Se vogliamo capire meglio il significato della patrimonializzazione della gastronomia,
servono indagini sugli appositi processi burocratici e politici nei vari contesti nazionali e
regionali. Si sono già svolte alcune ricerche del genere, ma sarebbe opportuno organizzare la
ricerca in maniera più globale e più comparativa. I sapori riflettono cambiamenti sia nella
struttura sociale di un paese che nei rapporti di ogni singolo paese con il turismo e con i territori
confinanti. L'accentuazione sulle culture gastronomiche locali si manifesta anche nel caso del
cibo “etnico” in diverse città italiane, dove la paura dell’ignoto spinge verso una forte
reificazione del sistema gustemico “italiano” (concetto comparabile con altre cucine
“nazionali”), alla quale reagiscono anche le cucine “etniche”, le quali assumono sempre nuove
variazioni nel nome, paradossalmente, dell’autenticità.

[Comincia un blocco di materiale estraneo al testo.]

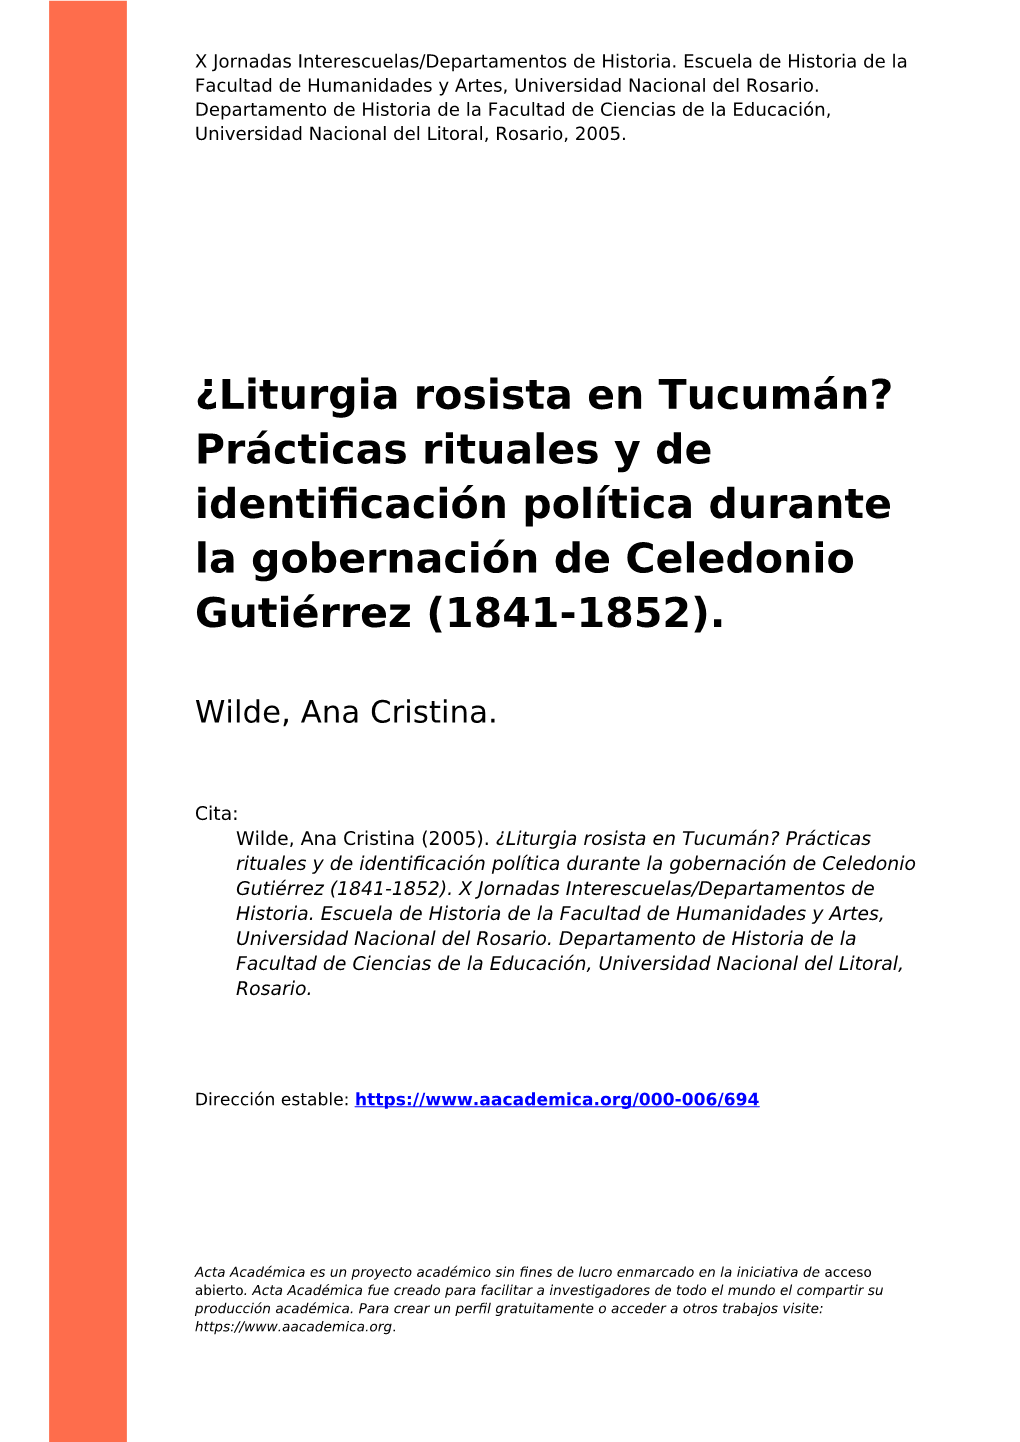 ¿Liturgia Rosista En Tucumán? Prácticas Rituales Y De Identiﬁcación Política Durante La Gobernación De Celedonio Gutiérrez (1841-1852)

L’alimentazione, troppo spesso, va concepita esclusivamente o in termini del patrimonio
immateriale o in quelli della biologia del corpo umano. I dibattiti sull’autenticità invece
dimostrano con chiarezza il suo carattere decisamente politico. Cucinare e mangiare sono due
atti che manifestano la “micro-politica” della quotidianità, filtrata sia dalla diversità enorme di
ceti, di culture locali e di scelte personali che dalle esigenze storiche di ogni società.